- [TASK PROMPT]: Beginning with the line that has "iPhone 14 Pro" and ending with the line that has "Doha, Qatar - Nov", retype the entries below exactly, except for the pictures.

- [RECORDS SUPPLIED]:
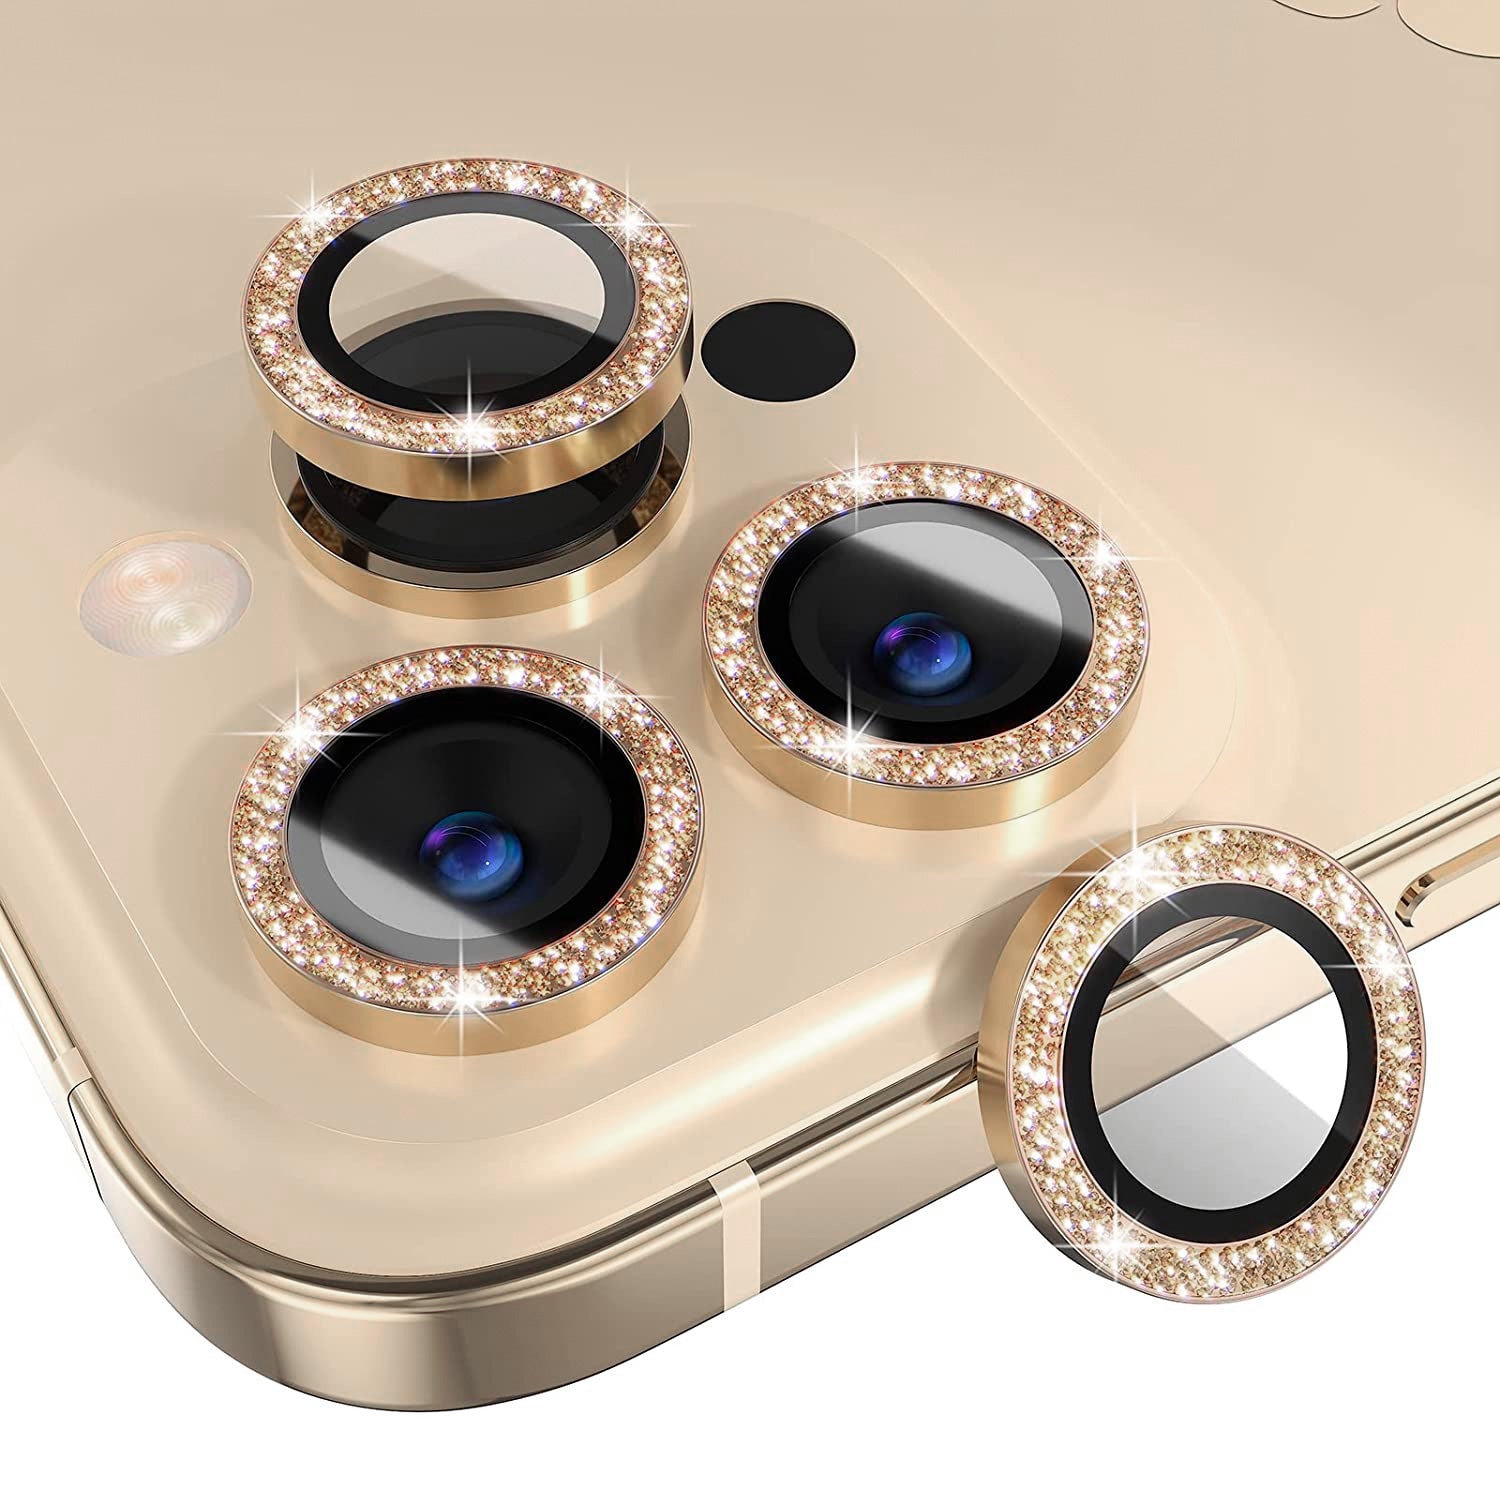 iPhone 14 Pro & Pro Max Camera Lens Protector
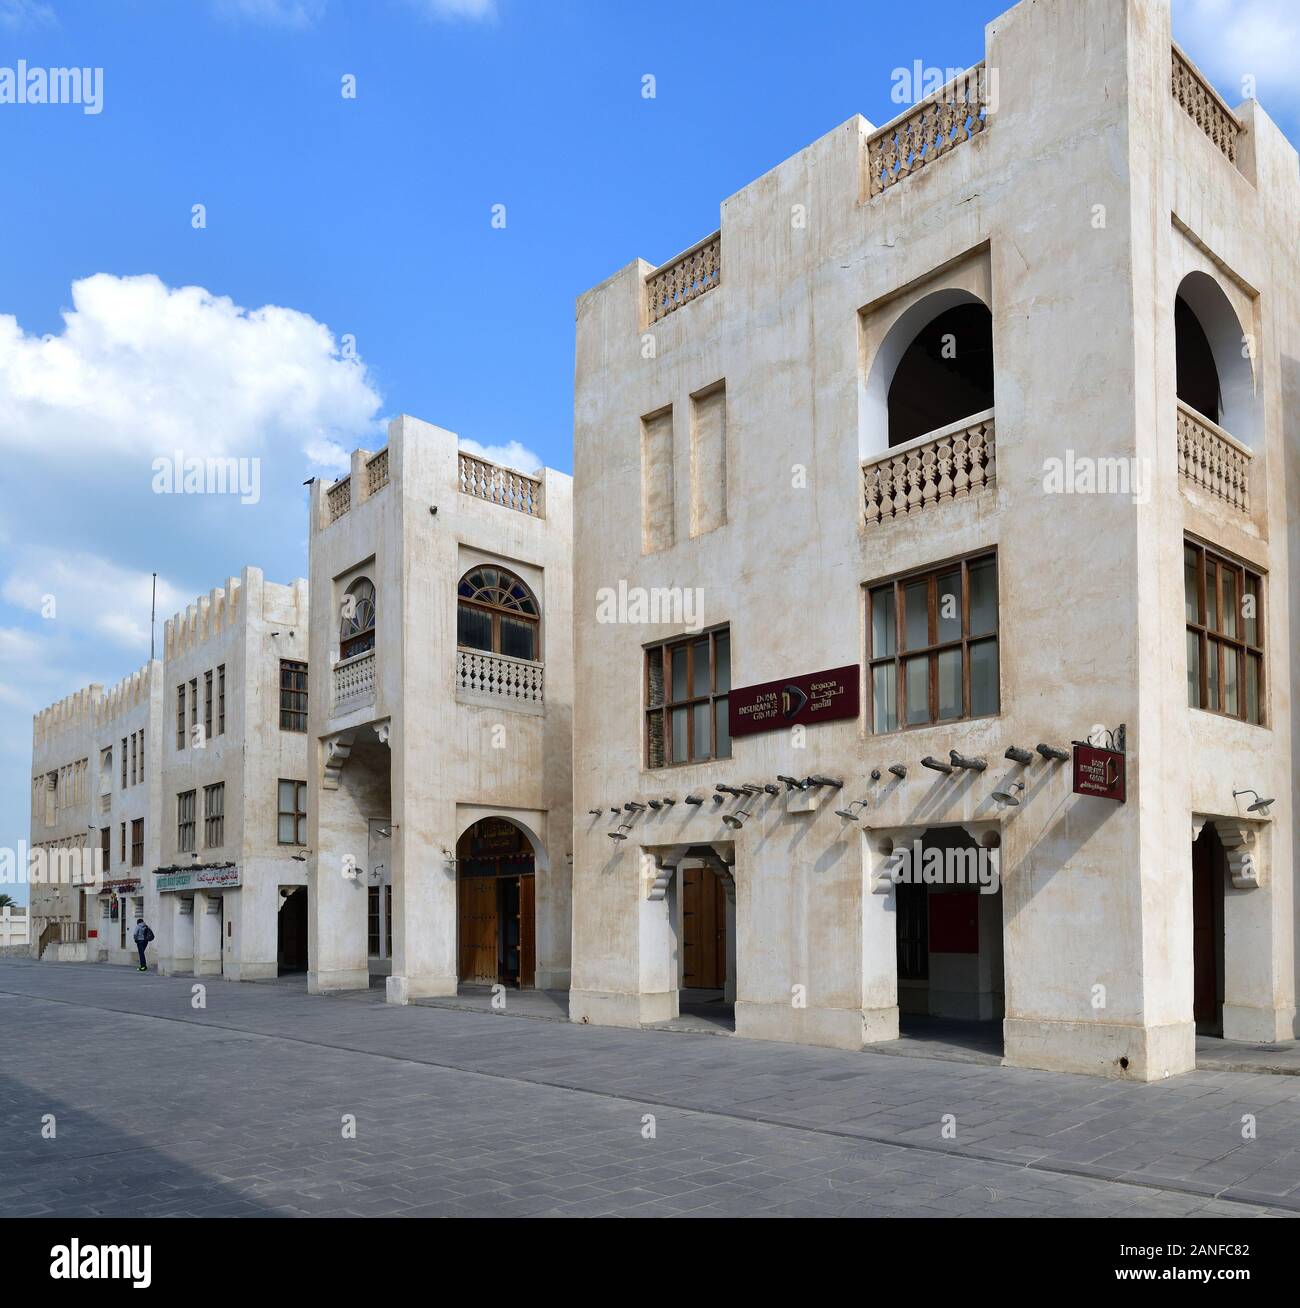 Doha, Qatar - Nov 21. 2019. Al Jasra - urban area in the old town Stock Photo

--

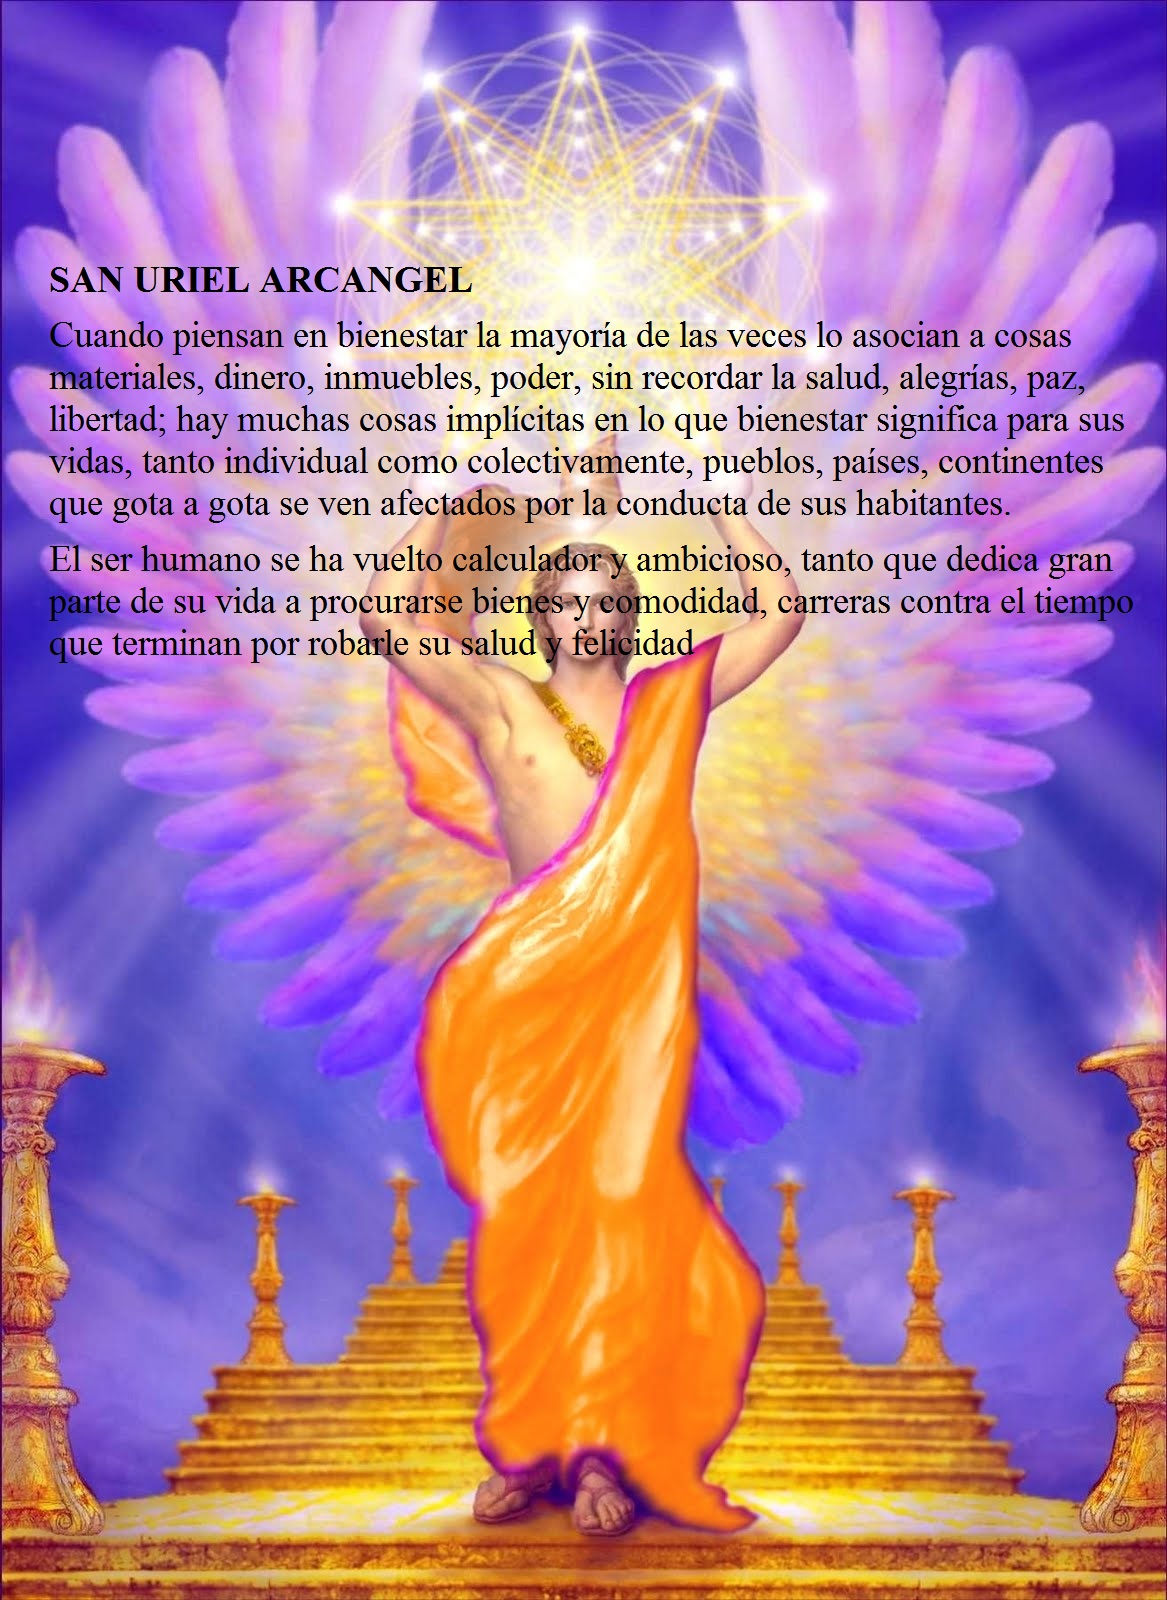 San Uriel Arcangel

- [YOUR RESPONSE]:
 iPhone 14 Pro & Pro Max Camera Lens Protector
 Doha, Qatar - Nov 21. 2019. Al Jasra - urban area in the old town Stock Photo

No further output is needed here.